Когда я встретил Доминик Кренн, она рассказала мне, что пережила сердечный приступ и после этого решила жить так, чтобы делать то, что хочет. Спустя лет шесть ее ресторан стал трехвездным, а она заболела раком груди. Нет объяснения таким вещам. Как в фильмах про прошлое и будущее, когда случаются моменты, как опорные точки, которые должны произойти с тобой, чтобы ты либо сделал из них вывод, либо пошел дальше, либо вынес все возможное из ситуации, либо остался глупцом и допустил все снова. Про себя я могу сказать, что мои неудачи сделали меня сильнее. Я научился не торопиться с решениями и не поддаваться эмоциям. А еще смотреть на вещи с разных точек зрения, в том числе и с чужих.
У нас о серьезных вещах на кухне говорят нечасто, о философии, о задумке, истории, жизненных вещах, ошибках не готовы дать совет. Давать советы, кстати, достаточно пагубная вещь. Я скорее делюсь своей точкой зрения, опираясь на жизненный опыт. Могу рекомендовать что-то, прочитать книгу, сходить туда-то, пересмотреть ситуацию. Раньше, кстати, я сам был гораздо жестче на кухне с командой, но с появлением сына стал более мягким. Но кухня — это одно из самых бескомпромиссных мест. Ты не можешь пойти на компромисс с самим собой и торговать плохим сырьем или позволить кому-то пробовать еду пальцем.

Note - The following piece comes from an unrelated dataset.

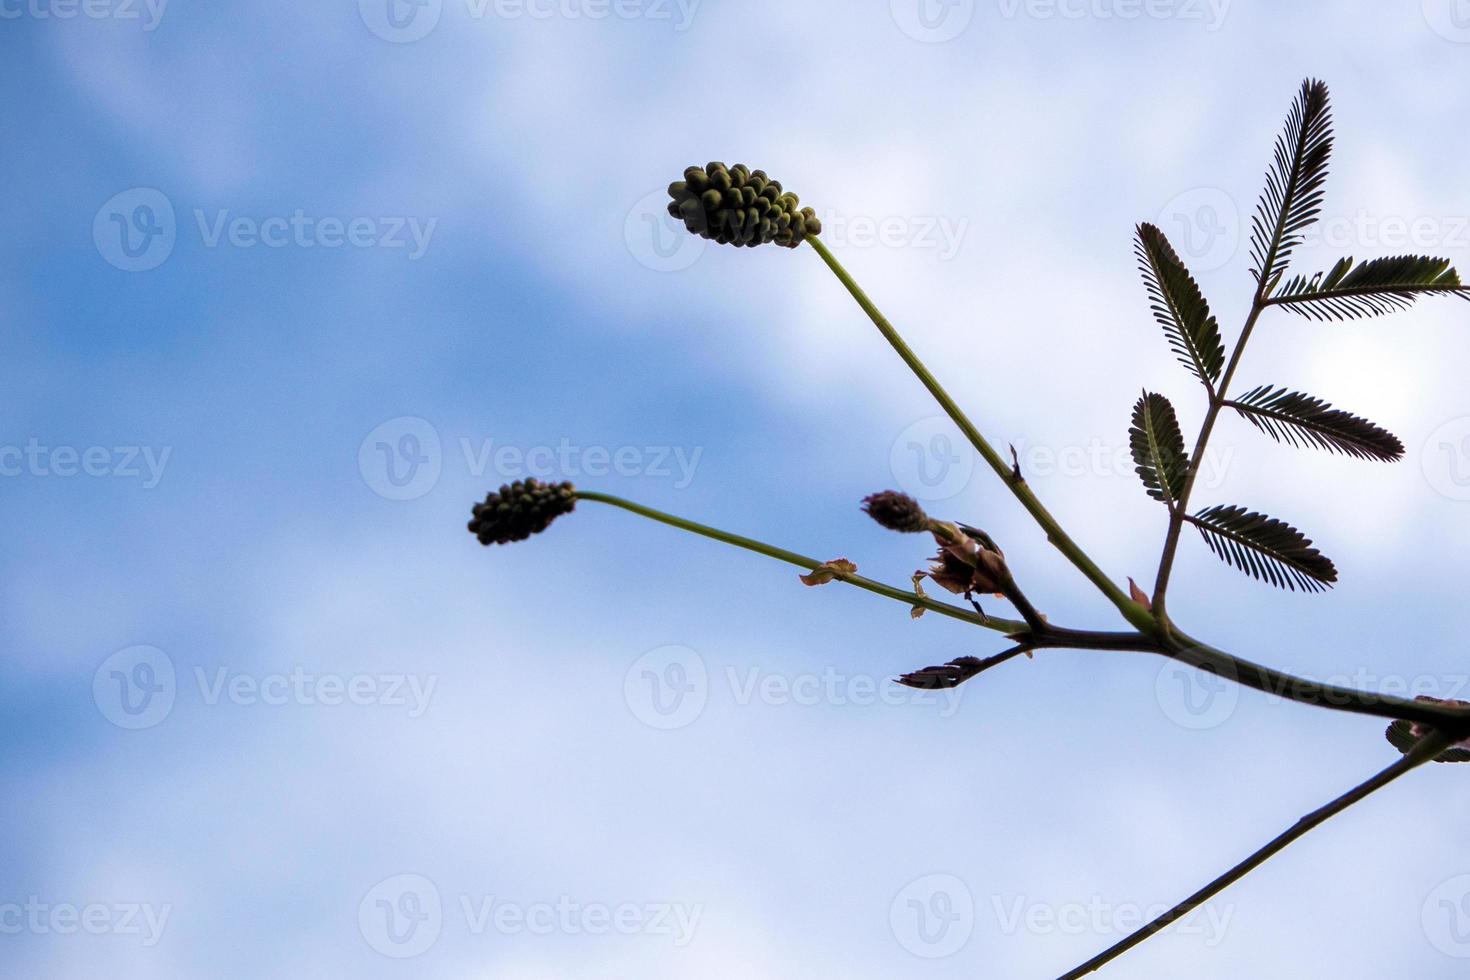 Flower and leaves of Giant sensitive plant in blue sky background photo
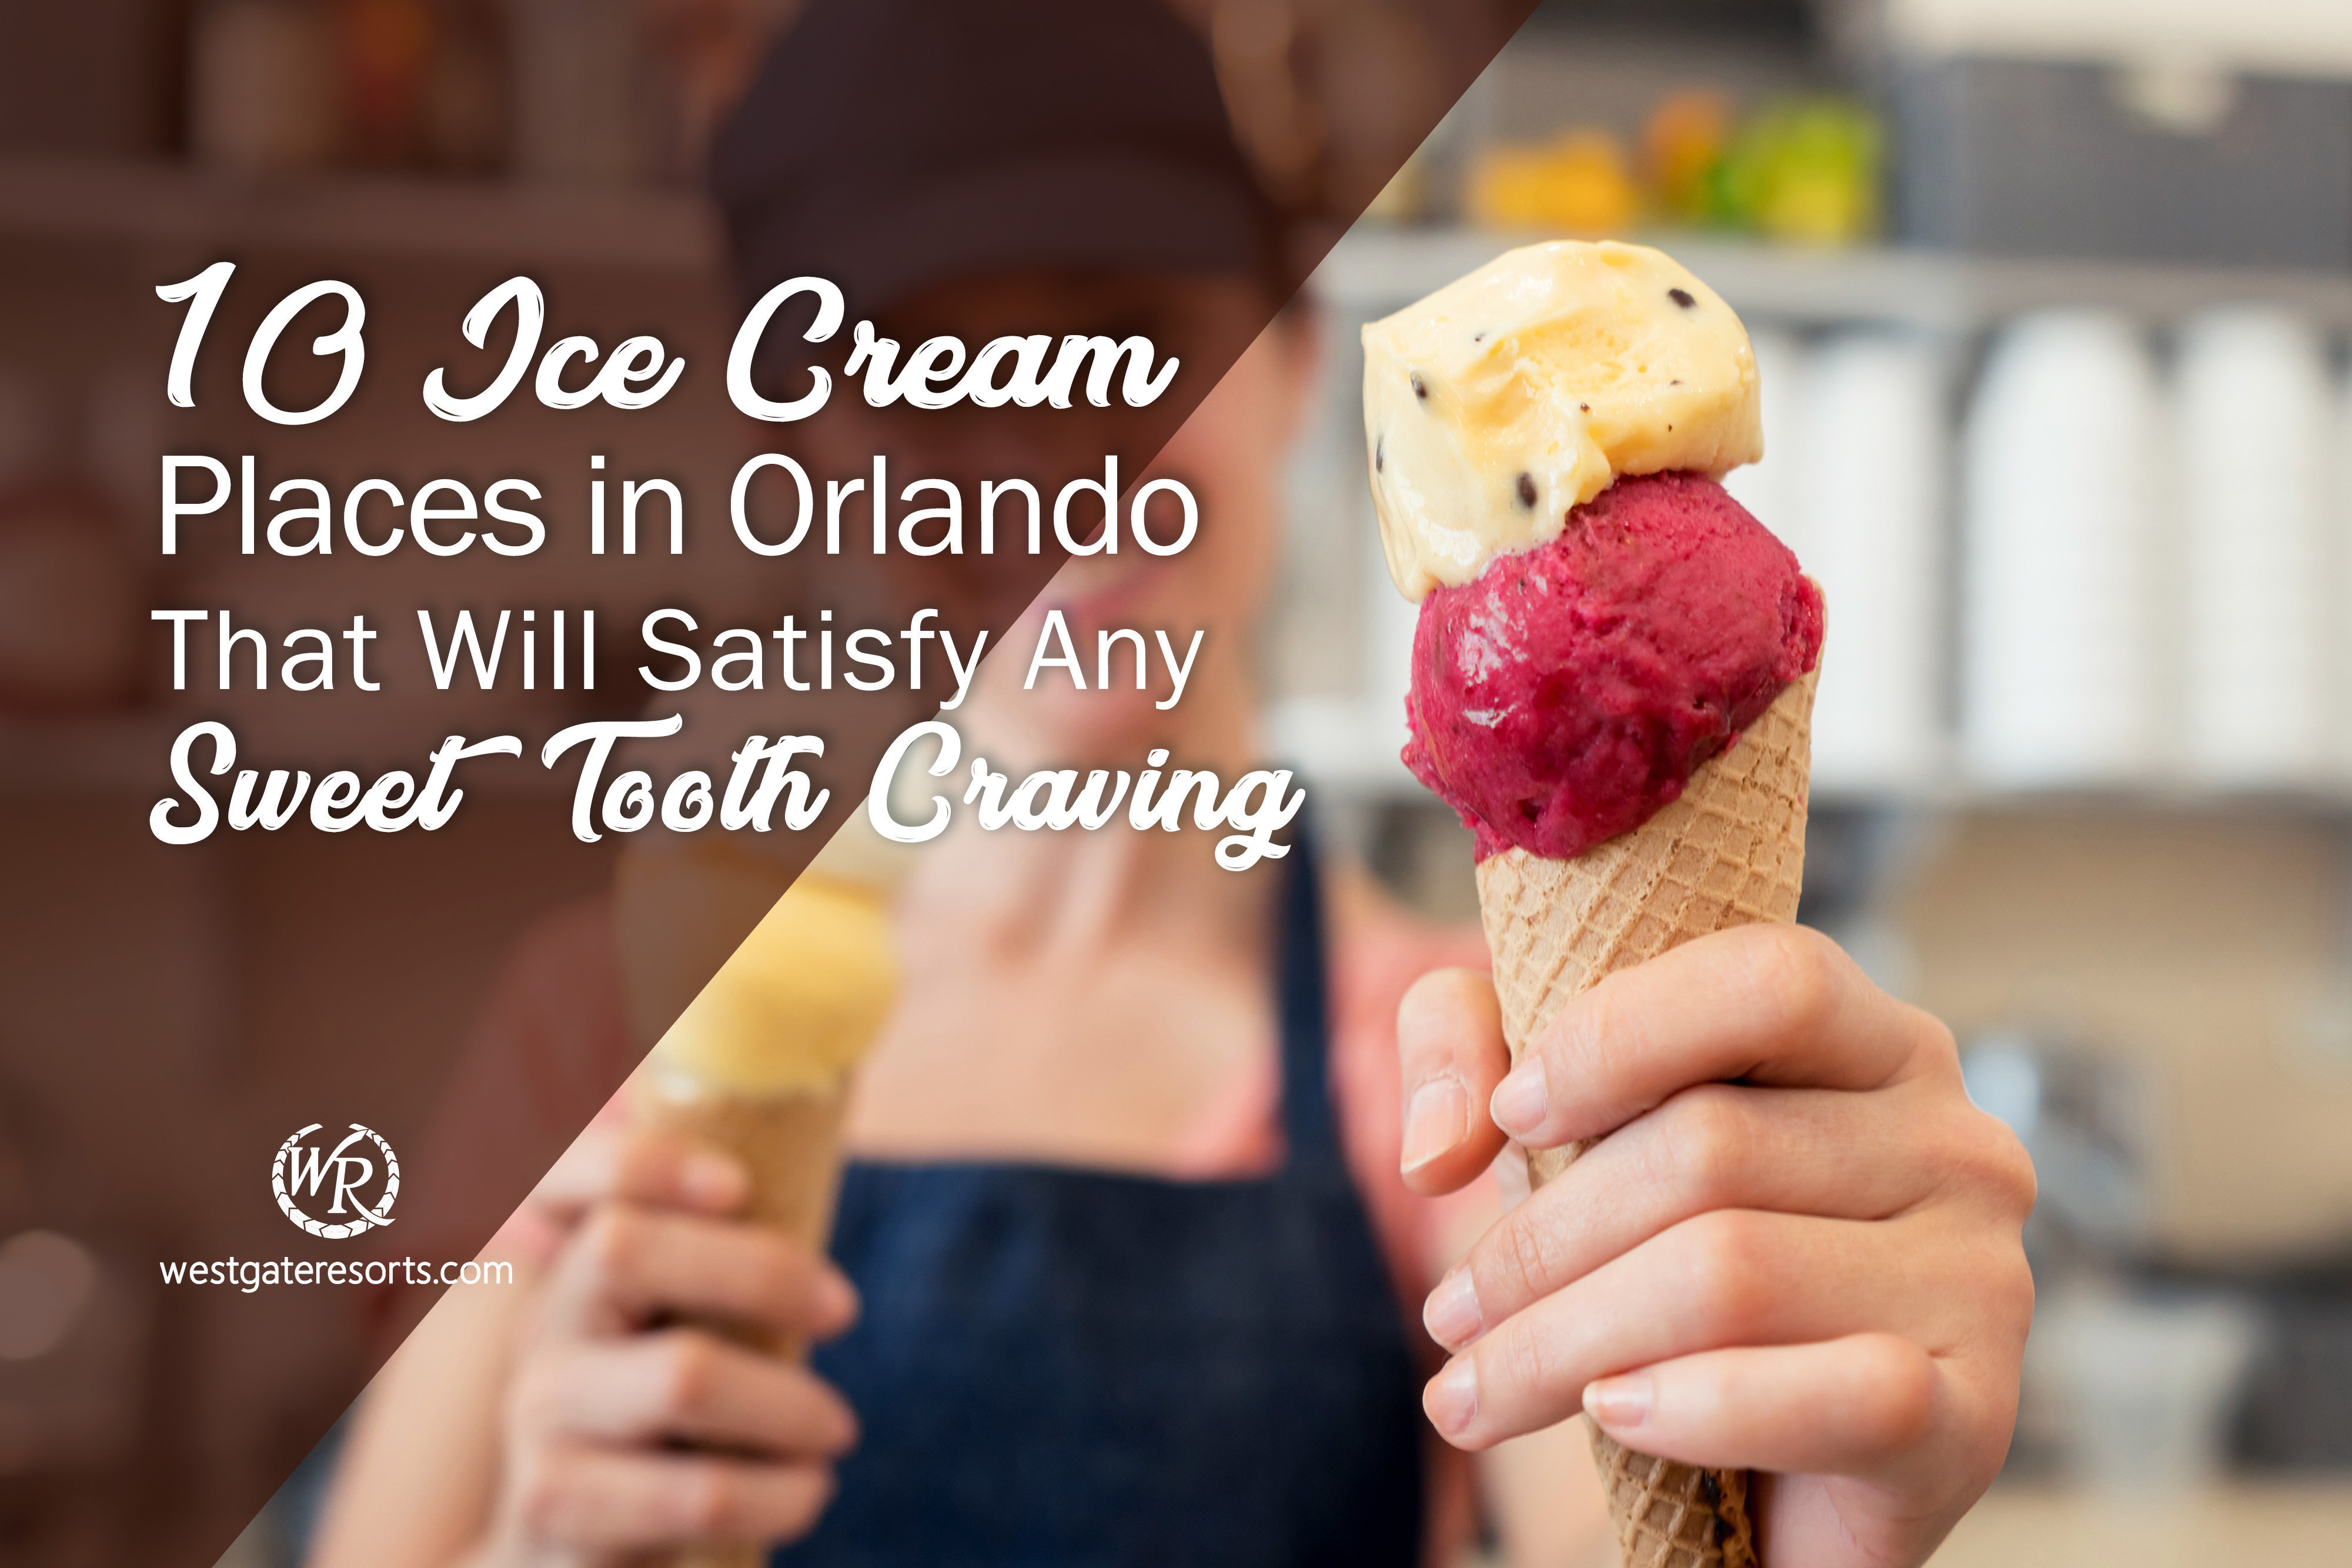 10 Ice Cream Places in Orlando That WIll Satisfy Any Sweet Tooth Craving

С кем бы я сравнил себя из кинорежиссеров? С Ноланом или Тарантино. Все их фильмы — это полотна. Их все ждут. Хотел бы я, чтобы мое новое меню так же ждали! Тарантино еще крут тем, что вдохновляется одними вещами, а выдает совершенно другие. Вот и я вдохновляюсь Азией и историей русской кухни, собираю это в единую картинку. Например, в сете, который мы запустим в сентябре, будет японский шавамуши, паровой омлет, но сделанный на бульоне из копченой визиги. Многие техники получается совмещать: я варю бульон из мурманского гребешка как суп из акульих плавников.
Конечно, сравнивать себя с кем-то сложно, потому что еще большой вопрос, как тебя видят другие. Ты и то, что ты делаешь, всегда зависит от того, насколько зритель подготовлен, насколько он искушен. Можно ведь ездить всю жизнь на «Жигулях», а потом пересесть на Volvo — и в обеих машинах будет руль. Конечно, если ты ходишь только в «Депо» и тут пришел в «Белугу», далеко не факт, что останешься доволен. Так же с музыкой, с кино. Если ты смотрел раньше «Глухаря» на НТВ, а потом пошел смотреть Альмодовара, маловероятно, что последний «зайдет». Но я за то, чтобы ходить и пробовать другое, что делают коллеги, развивать себя. Мне нравятся шефы, которые смотрят на еду иначе, не с точки зрения работы с шаблоном, а вообще наоборот.